_TASK INSTRUCTIONS:_
With any pictures left out, restate word for word the lines in the listing below from the one holding "Fiscus School Images" through the last.

##### SOURCE DATA #####

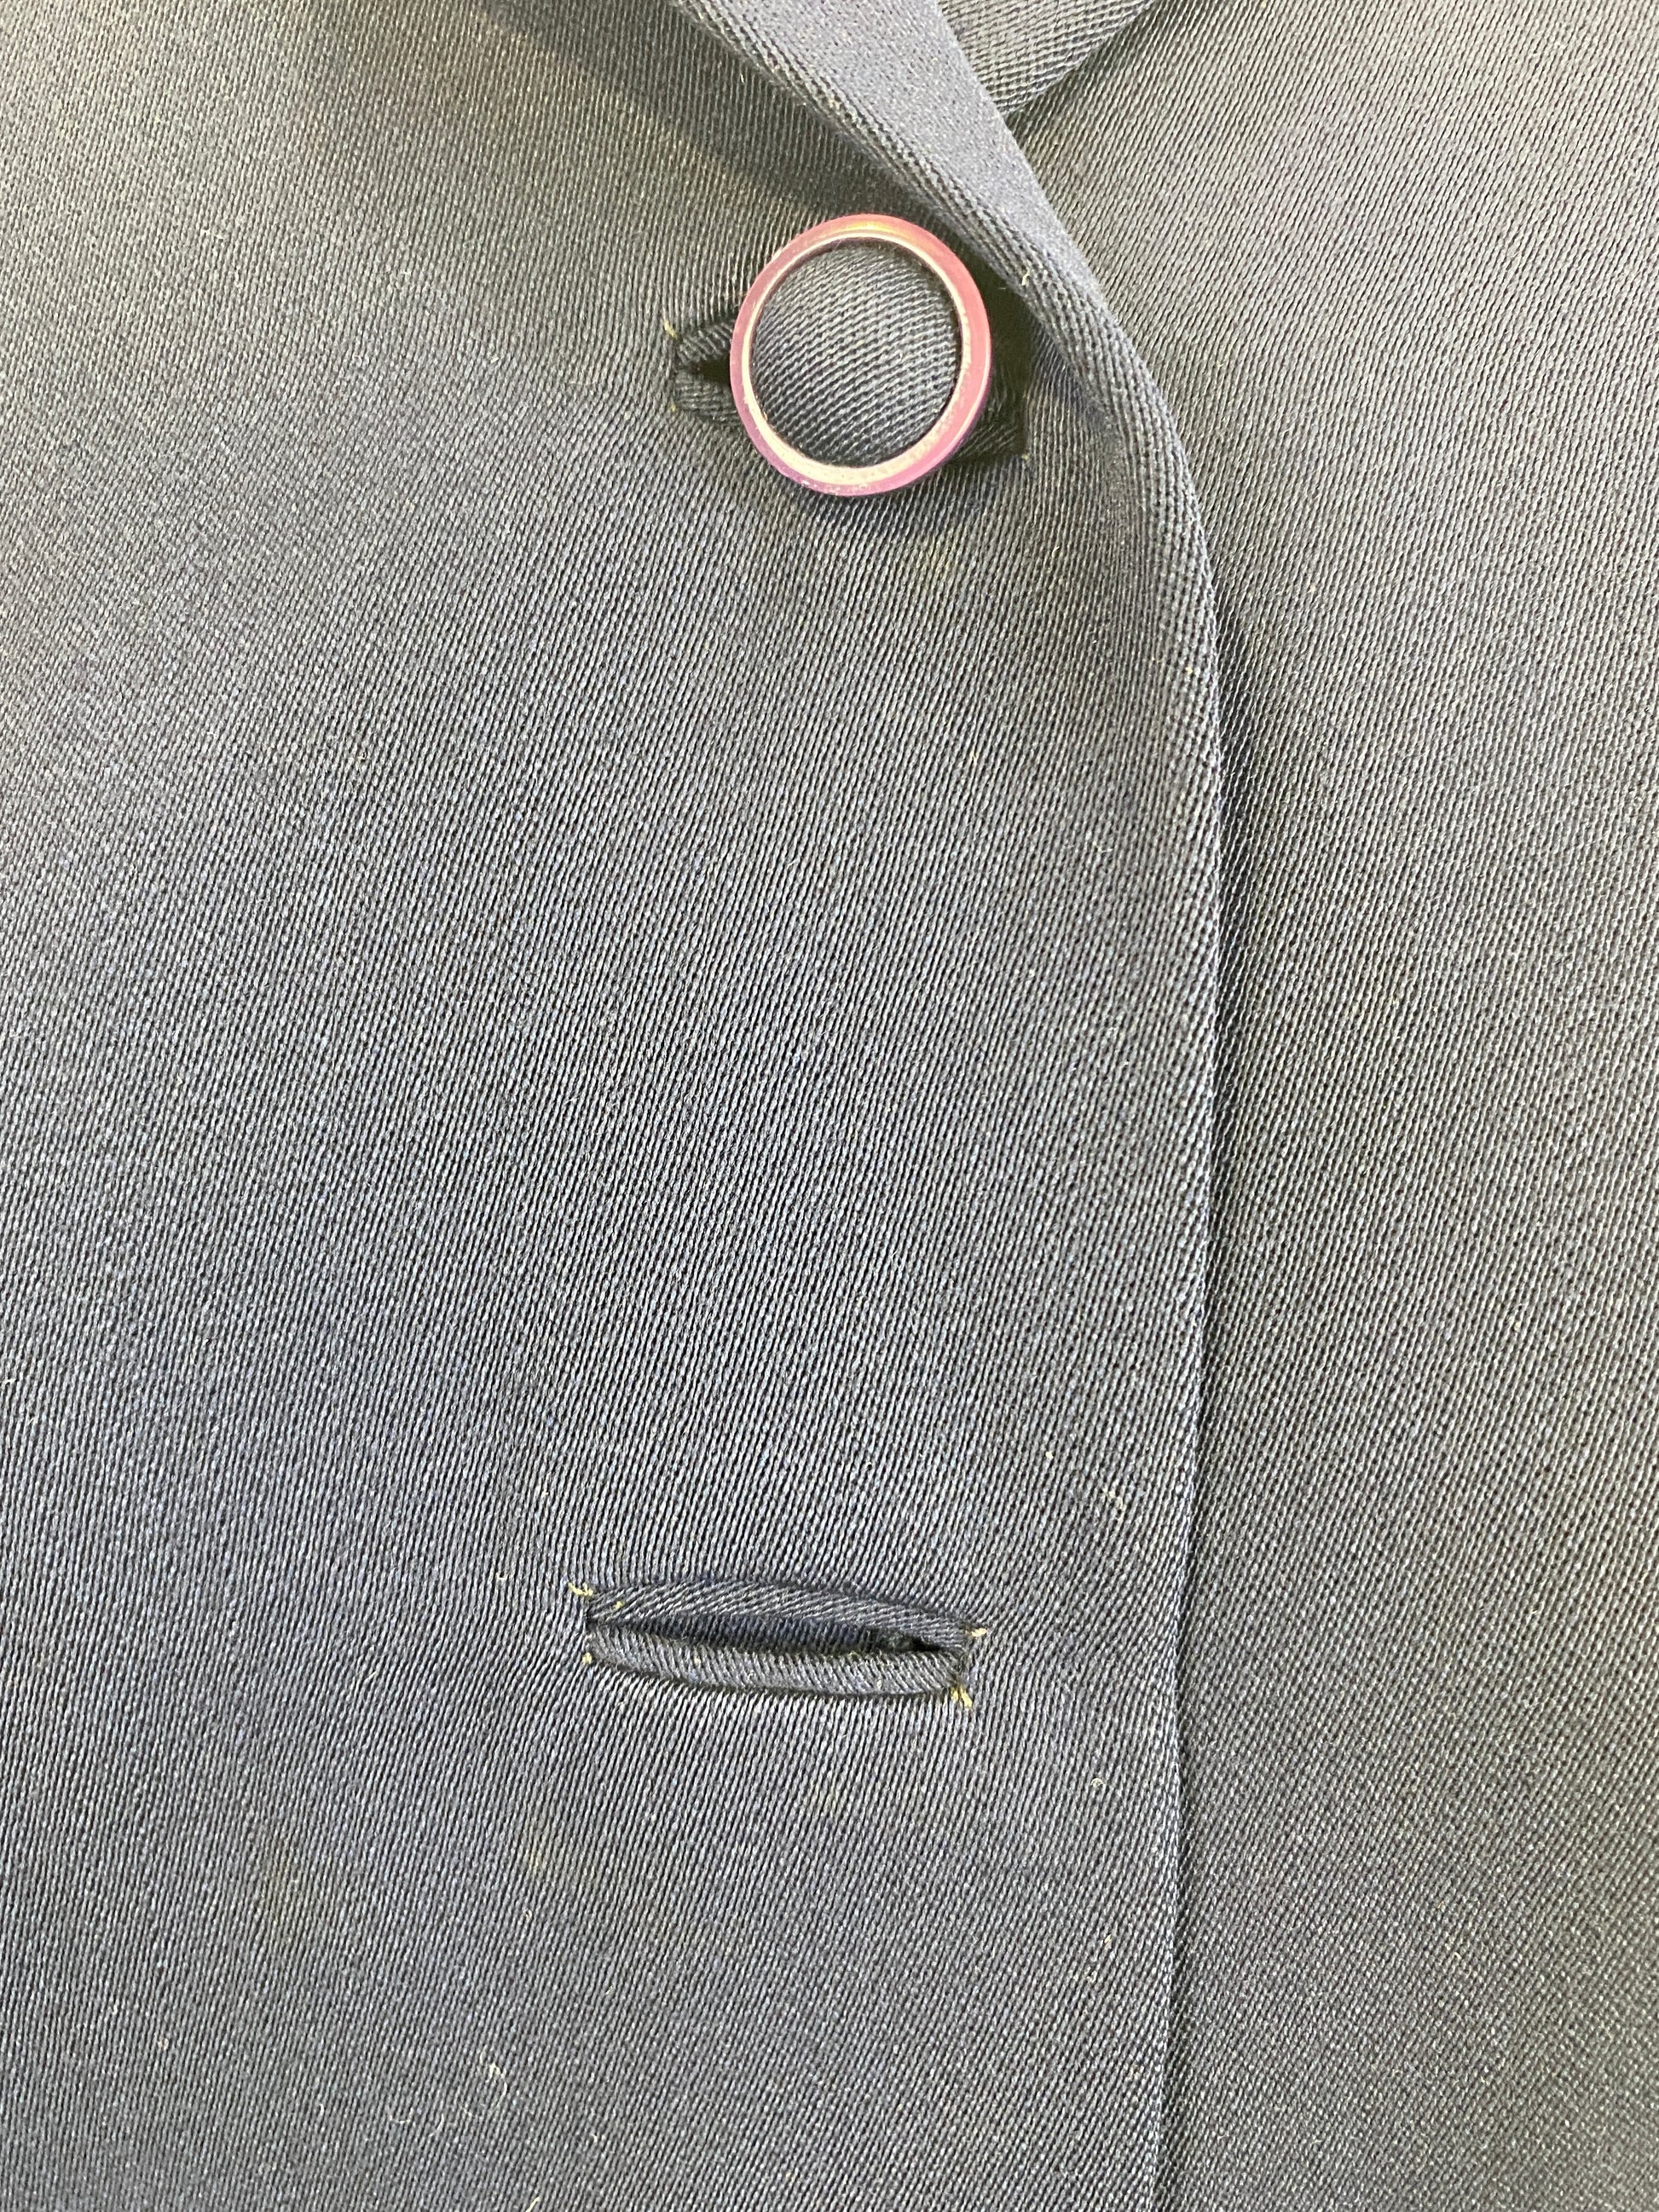 Vintage 1940s Women's Tailored Navy Wool-gabardine Jacket, Small
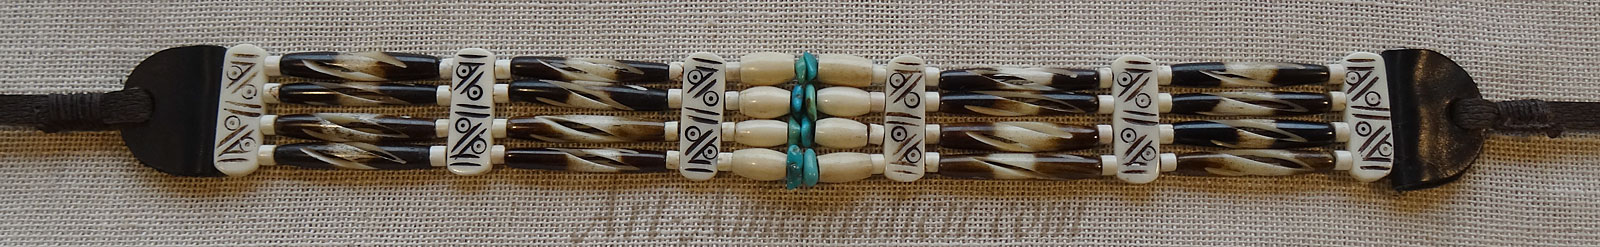 Collier ethnique ras de cou ou choker indien, 4 rangs de tubes et perles en os et turquoises, lacet en cuir.
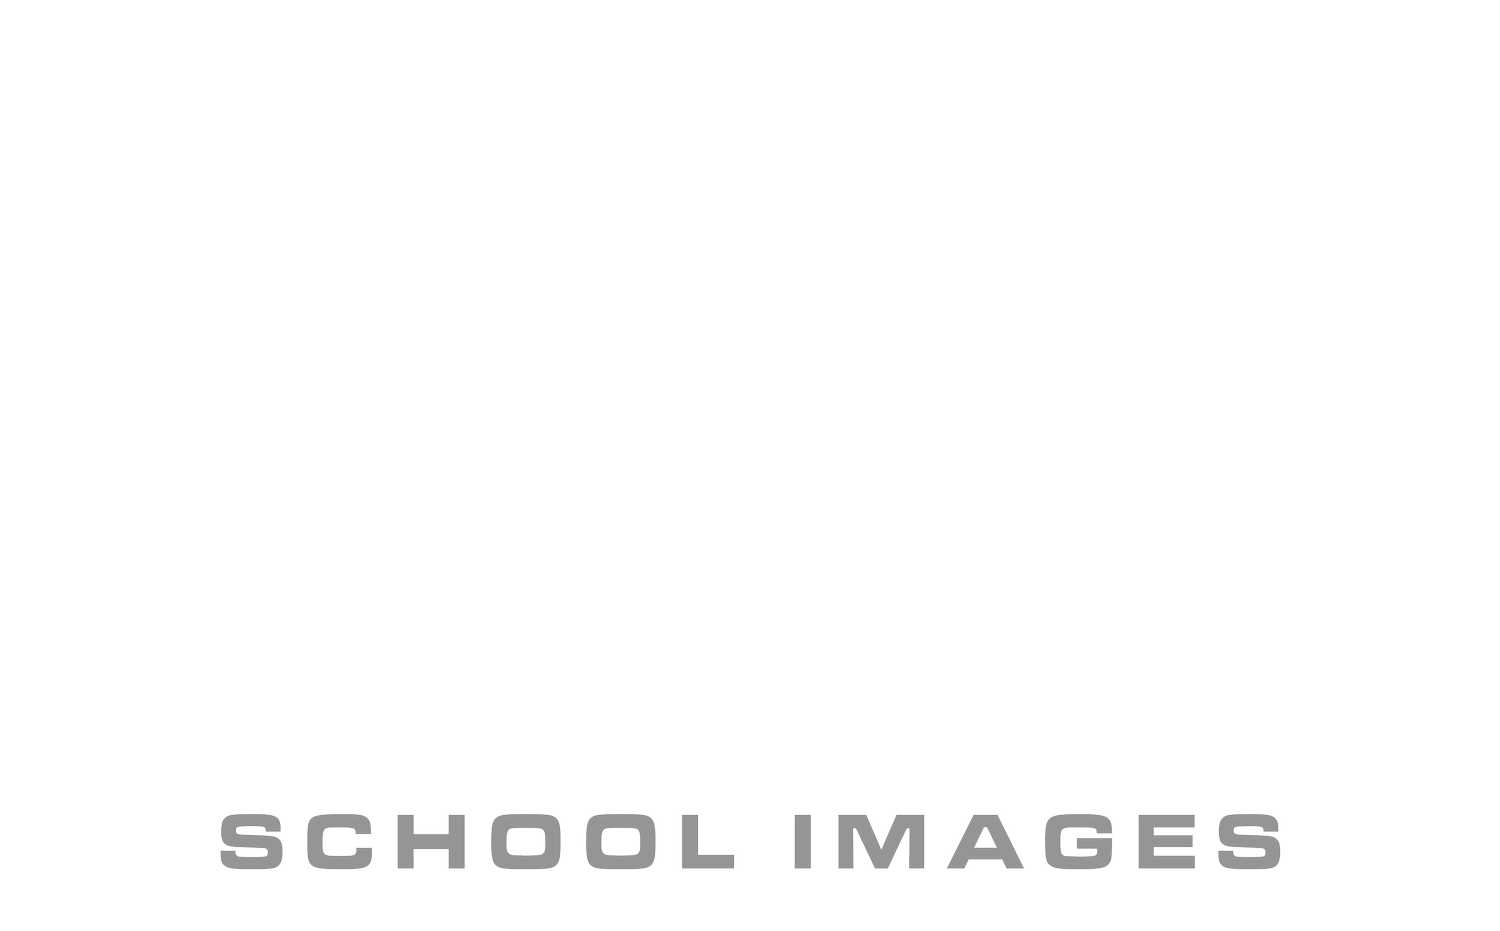 Fiscus School Images
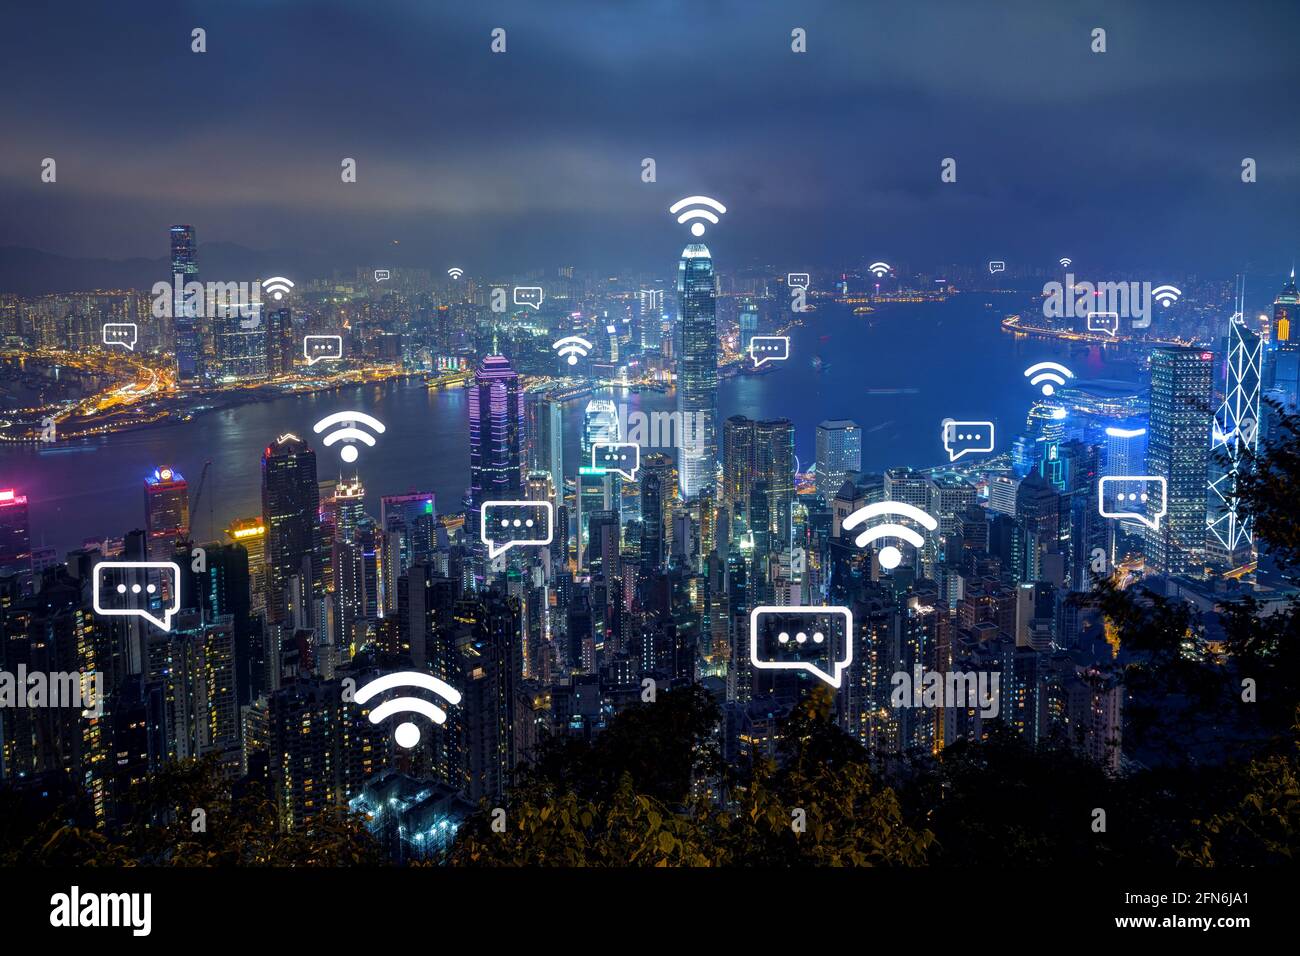 Wi-Fi e icone dei messaggi sulla vista panoramica dello skyline di Hong Kong dall'alto al tramonto. Connessione di rete wireless, WiFi, concetto di smart city e messaggistica online Foto Stock

#####

_ANSWER SECTION:_
 Fiscus School Images
 Wi-Fi e icone dei messaggi sulla vista panoramica dello skyline di Hong Kong dall'alto al tramonto. Connessione di rete wireless, WiFi, concetto di smart city e messaggistica online Foto Stock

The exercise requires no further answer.